Argentinean-Lebanese Tenor
(Copyright, Lebanese Imprints on the Twentieth Century, Volume I, Asma Freiha and Viviane Ghanem, 2006)

The Lebanese public discovered the tenor, composer and conductor José Cura, rightly considered one of his generation's greatest artists, at the Baalbeck Festival in the summer of 2000.

José Cura's ancestor, Chalita el-Khoury, was born in 1874 in Knet and his great-grandmother, Theresa bou-Saada, was born in 1881 in the village of Zghorta. In 1900, both left their home in Northern Lebanon to immigrate to Argentina.

By the time José was born on the 5th of December 1962 in Rosario (Santa Fe), his family had adopted the name Cura as it was deemed easier to pronounce in Spanish than the name Khoury.

He began guitar lessons at the age of twelve and at sixteen began studying composition with Carlos Castro and the piano with Zulma Cabrera.

In 1982 he was admitted to the Arts School of the National University of Rosario to further his musical studies. By the following year, he had become assistant conductor of the university choir. While focusing on composition and orchestration, he continued to sing in the university choir until 1988 when he began serious voice training with Horacio Amauri. Determined to pursue a career in opera, José Cura settled in Italy in 1991 where he continued his voice training with Vittorio Terranova. His first public performance was in Verona in 1992 in Pollicino.

In March 1993 he was offered his first leading role as Jan in Bibalo's Signorina Giuglia in Trieste and he has since been in constant demand for leading operatic roles ever since.

He won the International Operalia competition in September 1994 and toured America where he met with great success, especially in Chicago singing the role of Loris Ipanov in Fedora.

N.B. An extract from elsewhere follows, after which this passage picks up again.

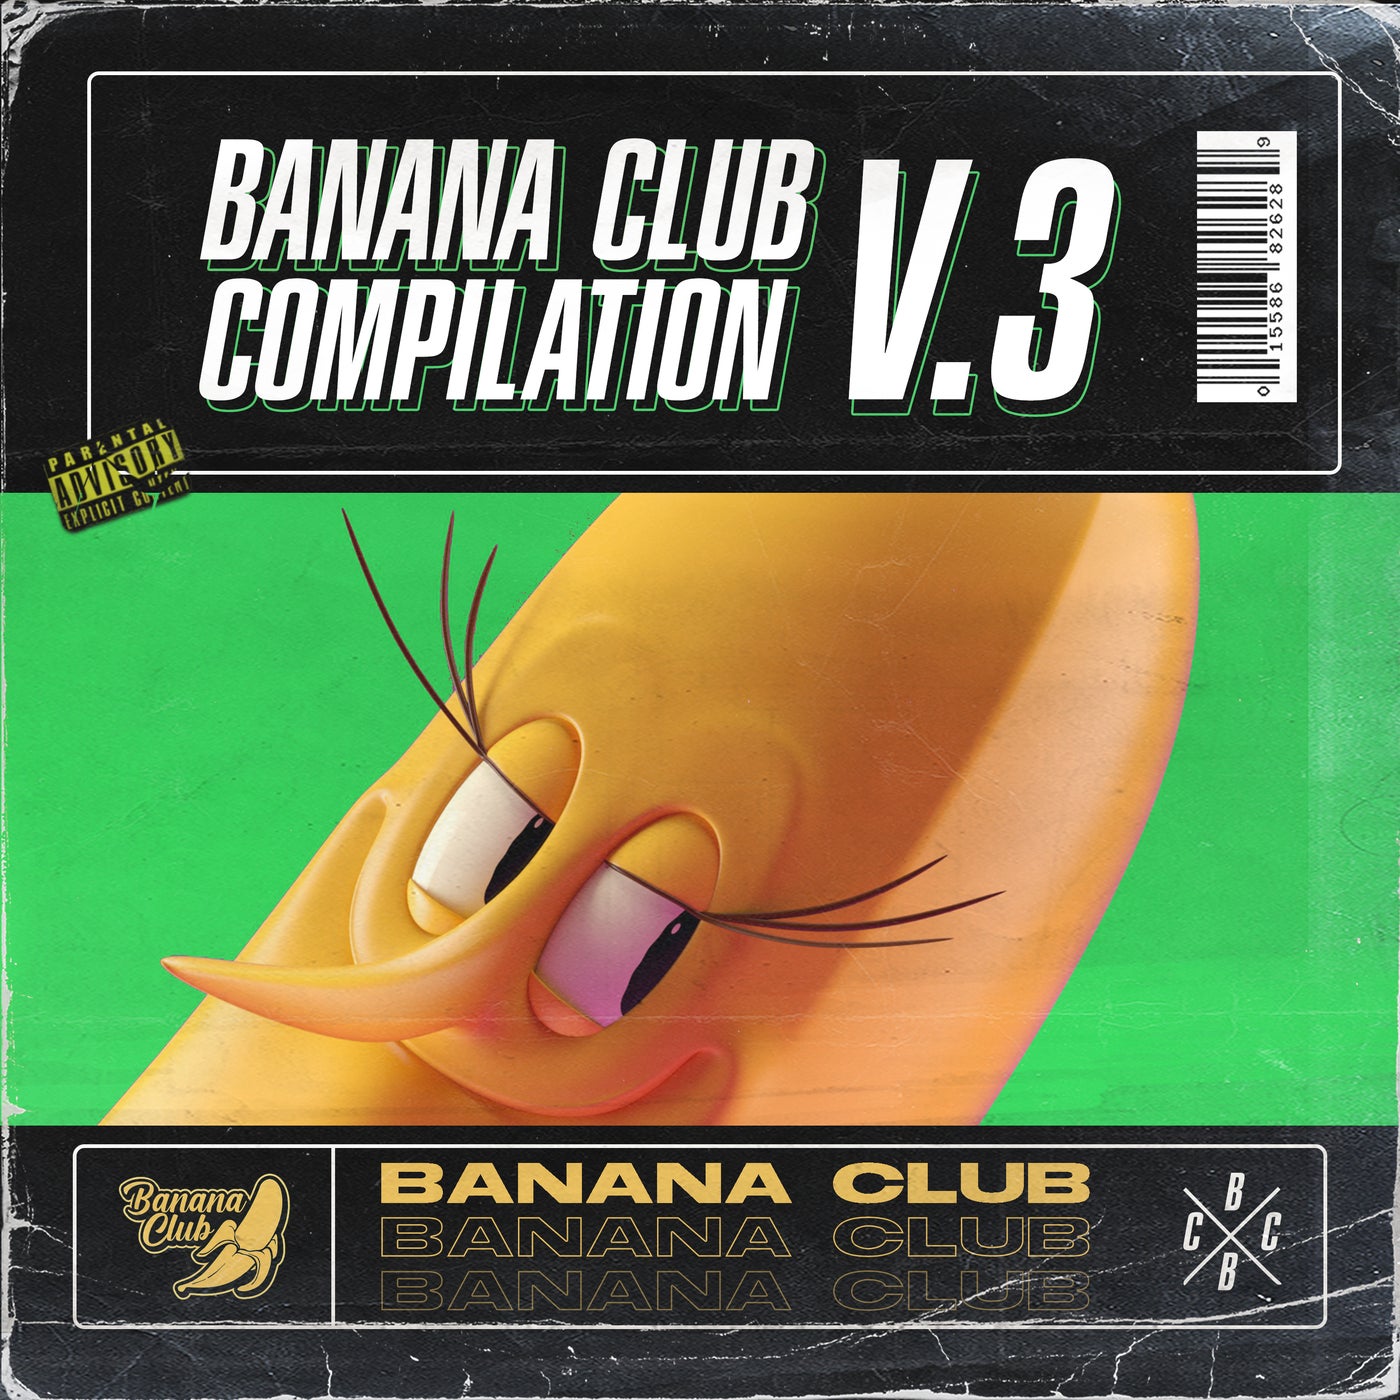 Banana Club Compilation V.3

Success has since followed him from America to Buenos Aires, from Palmero to Trieste, from Paris' Opera Bastille to London's Royal Opera House where he received special acclaim for his role of Samson in Samson and Dalila.

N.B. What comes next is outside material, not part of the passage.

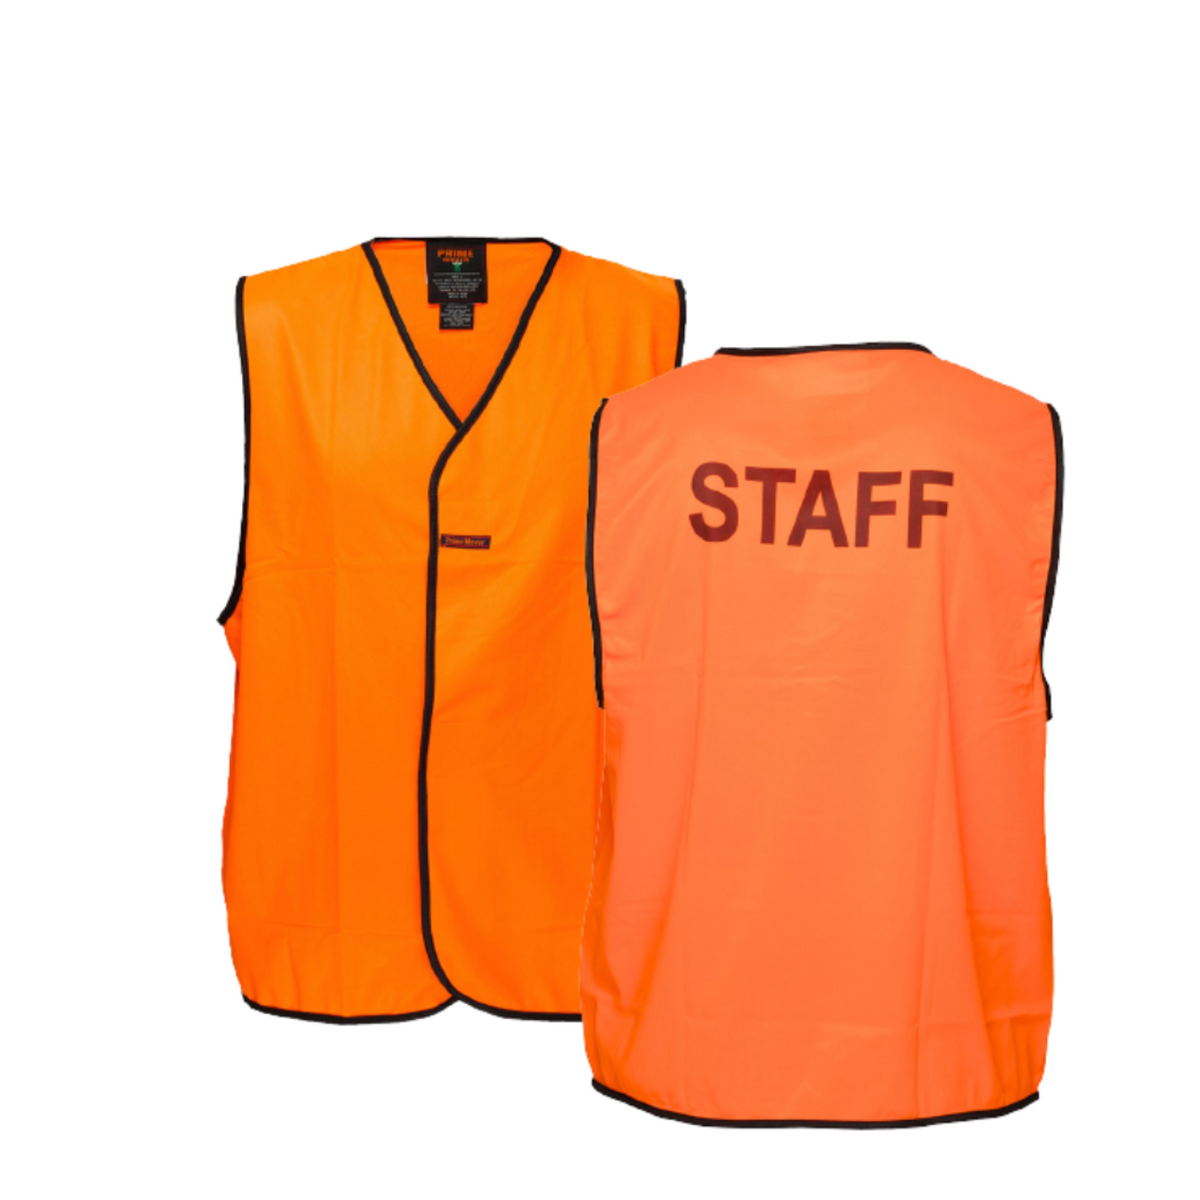 Portwest Staff Hi-Vis Vest Class D Touch Reflective Tape Work Safety MV121-Collins Clothing Co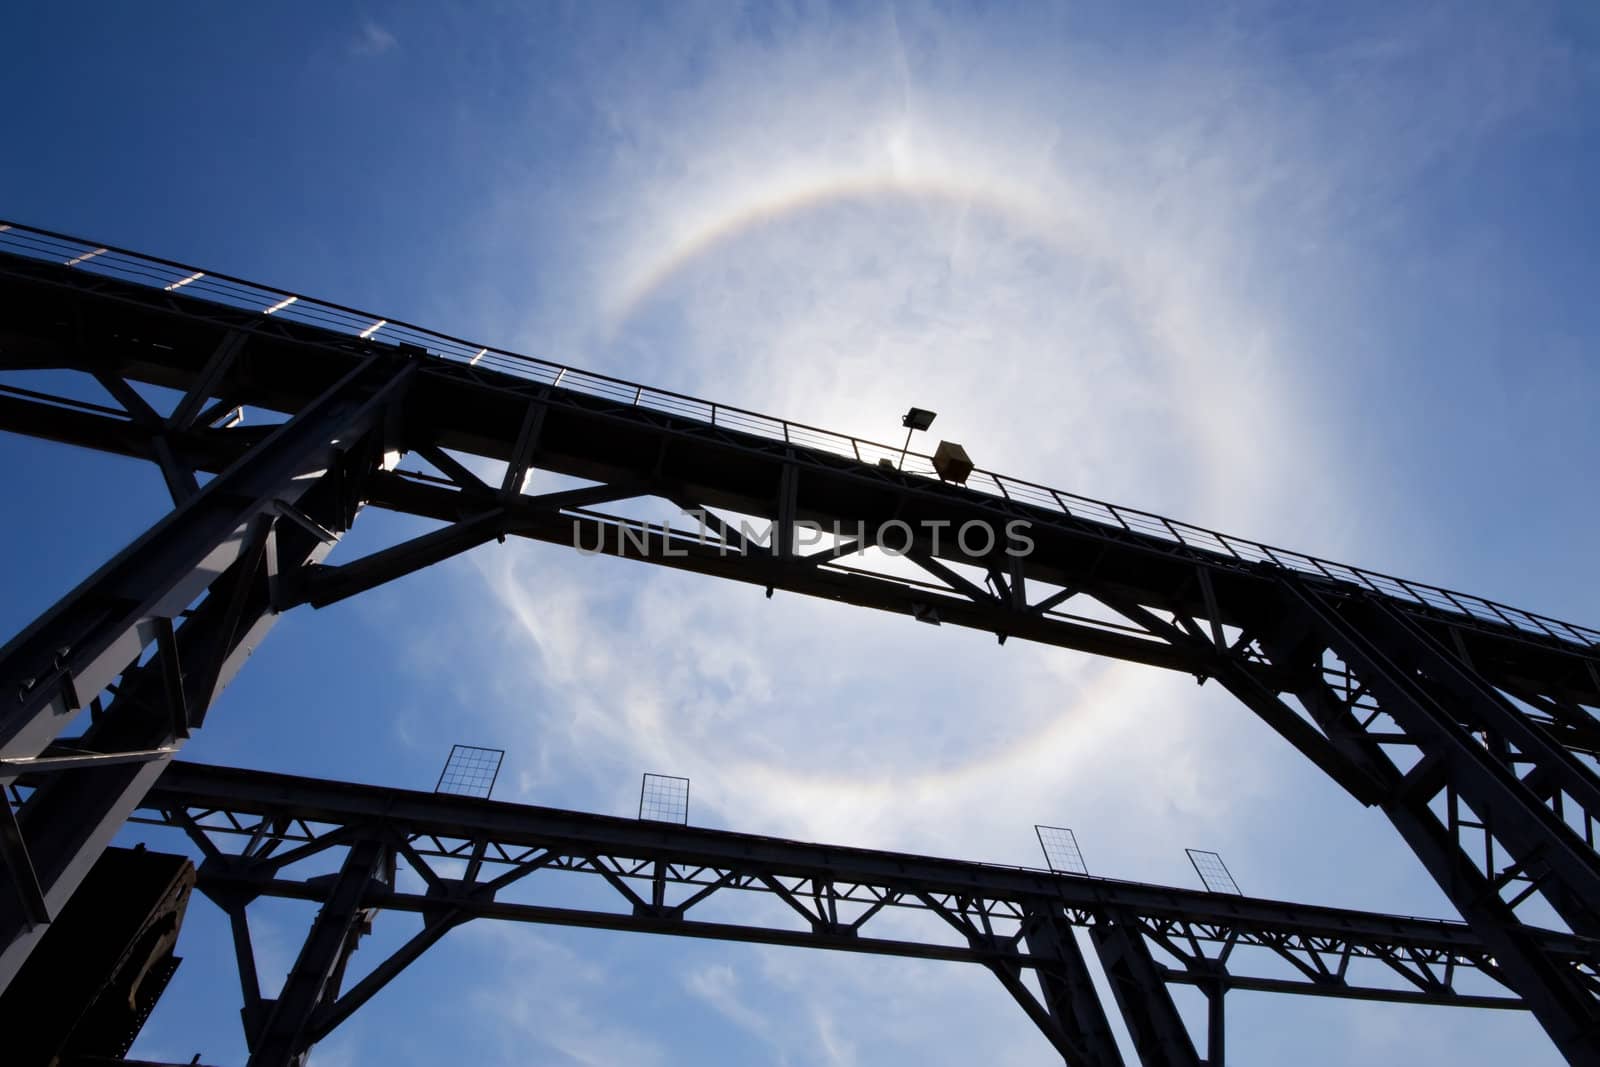 An amazing sun halo in blue cloudy sky above metal bridge

In 1996, he participated in the recording of the BBC's Great Composers' with Julia Mijenez Johnson and Leontina Vaduva. In just a few years he had become a huge star, earning a particular accolade in May 1997 from La Nazione: after his performance with the Berlin Philharmonic Orchestra conducted by Claudio Abbado the newspaper's headline ran "José Cura, a new Othello is born."

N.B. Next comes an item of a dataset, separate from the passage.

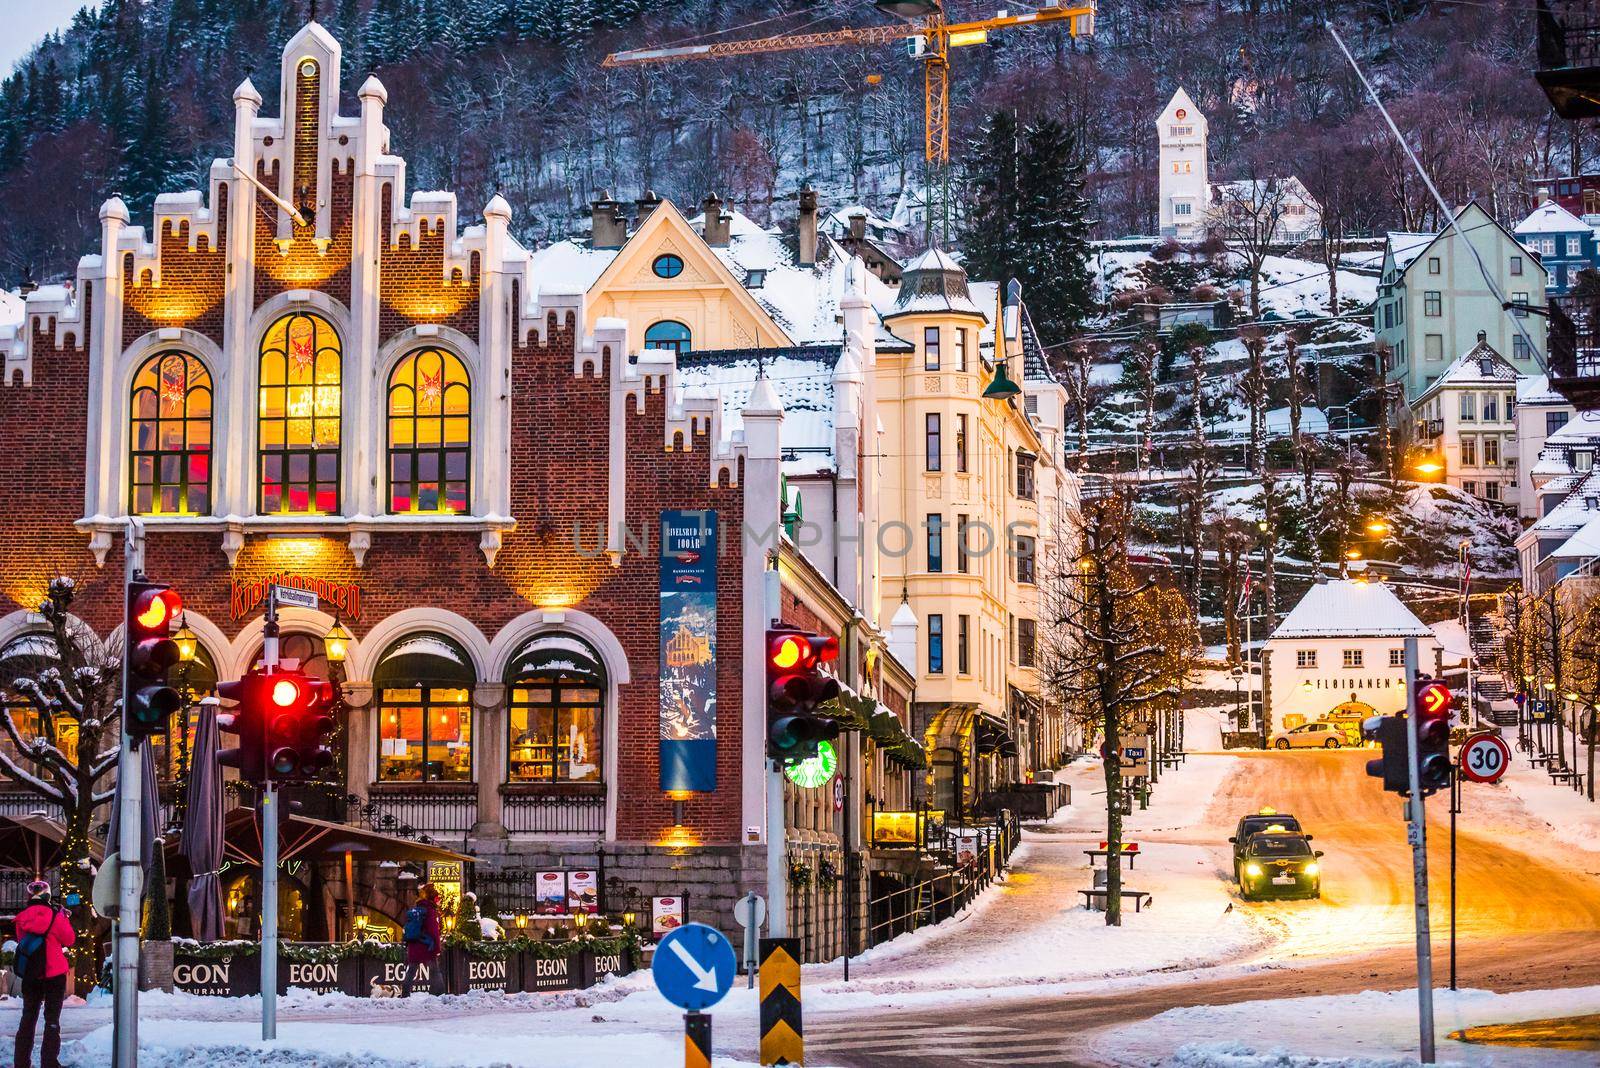 Bergen, Norway - December 27, 2014: evening the streets of Bergen at Christmas, Norway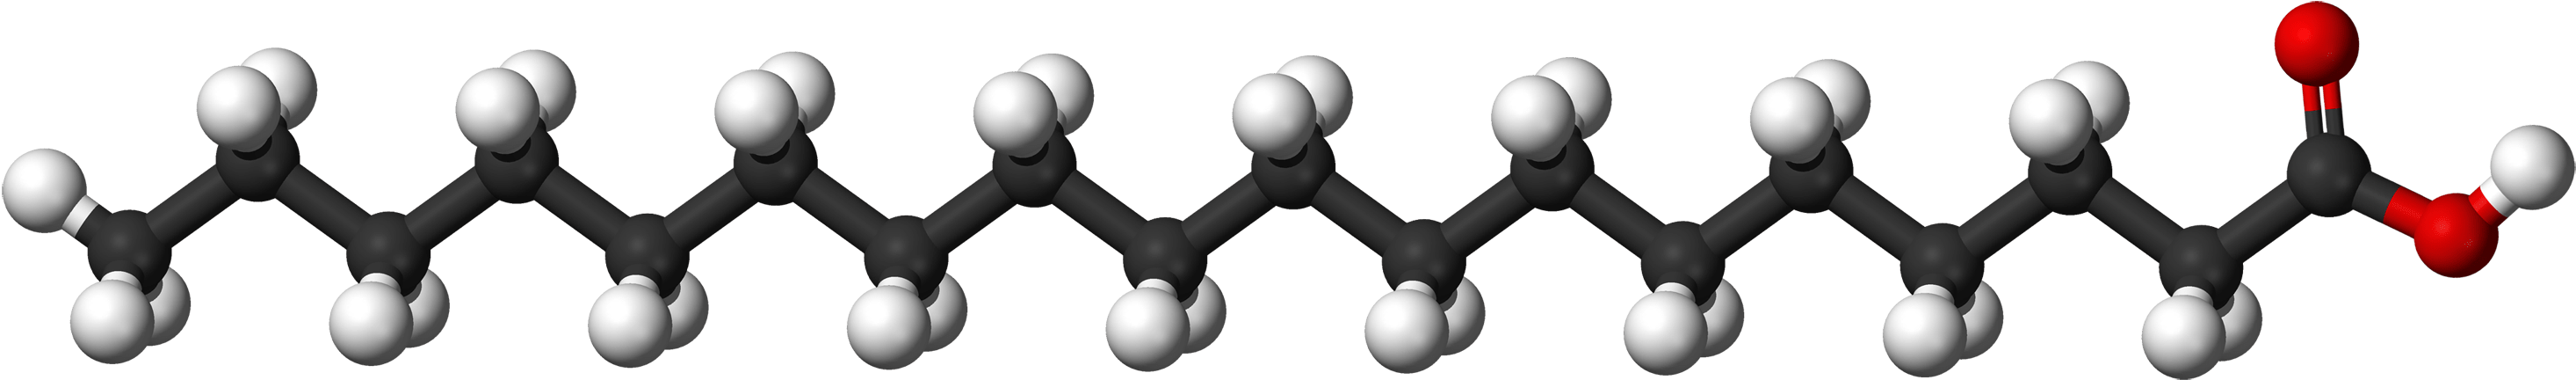 Fatty Acid Molecule Structure PNG image

After his visit to Lebanon and to the Baalbeck Festival, he said he felt close to Mediterranean aromas and senses: the olive oil, the sea, the sun, and the welcome...

Some of the Artist Quotes:

"I moved from Argentina to Europe in 1991. I worked for two or three years in restaurants—my wife worked with me, washing dishes—and we did many things that a lot of people wouldn’t even think about doing. We had a very hard life. We lived in a garage for one year because we couldn’t pay the rent, and we heated the garage with a small fire, with me gathering wood in the middle of the night!"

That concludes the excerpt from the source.